= Records supplied =
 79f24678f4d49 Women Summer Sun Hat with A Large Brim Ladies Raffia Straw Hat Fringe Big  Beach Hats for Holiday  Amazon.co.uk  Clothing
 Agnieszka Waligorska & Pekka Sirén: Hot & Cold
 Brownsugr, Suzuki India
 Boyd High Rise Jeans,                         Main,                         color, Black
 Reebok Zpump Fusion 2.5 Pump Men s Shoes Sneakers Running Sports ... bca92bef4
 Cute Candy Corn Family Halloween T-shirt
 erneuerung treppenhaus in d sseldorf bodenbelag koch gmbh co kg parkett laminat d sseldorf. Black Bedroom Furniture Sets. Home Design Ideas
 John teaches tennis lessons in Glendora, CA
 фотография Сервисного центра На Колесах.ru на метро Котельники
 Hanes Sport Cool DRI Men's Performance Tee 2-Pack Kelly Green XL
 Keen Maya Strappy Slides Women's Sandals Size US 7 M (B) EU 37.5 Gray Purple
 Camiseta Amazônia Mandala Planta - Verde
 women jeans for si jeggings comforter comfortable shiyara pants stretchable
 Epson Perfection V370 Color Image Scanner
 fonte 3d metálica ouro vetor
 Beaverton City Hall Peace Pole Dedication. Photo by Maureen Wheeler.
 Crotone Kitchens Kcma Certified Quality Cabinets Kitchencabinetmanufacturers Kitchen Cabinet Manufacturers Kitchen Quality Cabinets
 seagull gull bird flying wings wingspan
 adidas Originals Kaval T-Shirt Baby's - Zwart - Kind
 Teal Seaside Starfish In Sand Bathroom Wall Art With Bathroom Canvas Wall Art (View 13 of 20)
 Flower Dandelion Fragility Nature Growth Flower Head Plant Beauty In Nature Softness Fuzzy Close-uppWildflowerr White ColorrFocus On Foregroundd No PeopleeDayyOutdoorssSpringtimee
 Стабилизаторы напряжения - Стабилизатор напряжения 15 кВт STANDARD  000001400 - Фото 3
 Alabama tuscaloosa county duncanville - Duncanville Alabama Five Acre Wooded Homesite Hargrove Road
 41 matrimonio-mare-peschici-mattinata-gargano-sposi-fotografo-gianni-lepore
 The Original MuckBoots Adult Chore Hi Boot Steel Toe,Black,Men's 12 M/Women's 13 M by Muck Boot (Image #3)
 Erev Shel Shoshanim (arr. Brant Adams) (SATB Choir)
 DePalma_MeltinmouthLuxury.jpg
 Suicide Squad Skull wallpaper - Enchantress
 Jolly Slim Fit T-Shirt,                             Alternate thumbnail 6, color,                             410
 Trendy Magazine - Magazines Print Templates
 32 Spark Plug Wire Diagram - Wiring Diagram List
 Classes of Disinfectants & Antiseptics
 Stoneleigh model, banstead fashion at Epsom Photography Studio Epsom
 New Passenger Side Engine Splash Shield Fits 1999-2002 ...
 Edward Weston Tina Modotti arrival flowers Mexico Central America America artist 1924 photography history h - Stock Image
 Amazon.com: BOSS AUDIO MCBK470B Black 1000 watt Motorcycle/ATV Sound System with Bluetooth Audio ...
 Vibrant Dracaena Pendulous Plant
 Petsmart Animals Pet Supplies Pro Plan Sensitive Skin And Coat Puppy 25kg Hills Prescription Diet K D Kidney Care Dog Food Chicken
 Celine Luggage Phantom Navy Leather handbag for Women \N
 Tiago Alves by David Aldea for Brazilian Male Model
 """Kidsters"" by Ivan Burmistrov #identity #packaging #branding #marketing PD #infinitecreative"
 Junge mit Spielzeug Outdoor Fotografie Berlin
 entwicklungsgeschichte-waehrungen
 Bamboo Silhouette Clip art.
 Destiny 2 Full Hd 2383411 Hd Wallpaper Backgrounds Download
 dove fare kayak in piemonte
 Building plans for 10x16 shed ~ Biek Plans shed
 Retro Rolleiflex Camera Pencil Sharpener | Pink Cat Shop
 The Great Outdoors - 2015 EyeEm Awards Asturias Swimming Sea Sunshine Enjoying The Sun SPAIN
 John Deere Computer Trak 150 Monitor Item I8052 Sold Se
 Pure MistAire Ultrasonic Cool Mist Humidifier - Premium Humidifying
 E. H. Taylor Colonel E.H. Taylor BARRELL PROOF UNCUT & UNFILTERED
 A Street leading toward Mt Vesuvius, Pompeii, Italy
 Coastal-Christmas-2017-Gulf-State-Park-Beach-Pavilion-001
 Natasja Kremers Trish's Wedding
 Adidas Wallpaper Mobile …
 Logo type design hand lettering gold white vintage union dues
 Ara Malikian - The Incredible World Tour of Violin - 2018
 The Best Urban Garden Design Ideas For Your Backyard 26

= Exercise objective =
Among the records above, a stretch begins at the line containing "Classes of Disinfectants & Antiseptics" and ends at the line containing "Edward Weston Tina". Restate that stretch word for word, and nothing else.

= Answer to the problem =
 Classes of Disinfectants & Antiseptics
 Stoneleigh model, banstead fashion at Epsom Photography Studio Epsom
 New Passenger Side Engine Splash Shield Fits 1999-2002 ...
 Edward Weston Tina Modotti arrival flowers Mexico Central America America artist 1924 photography history h - Stock Image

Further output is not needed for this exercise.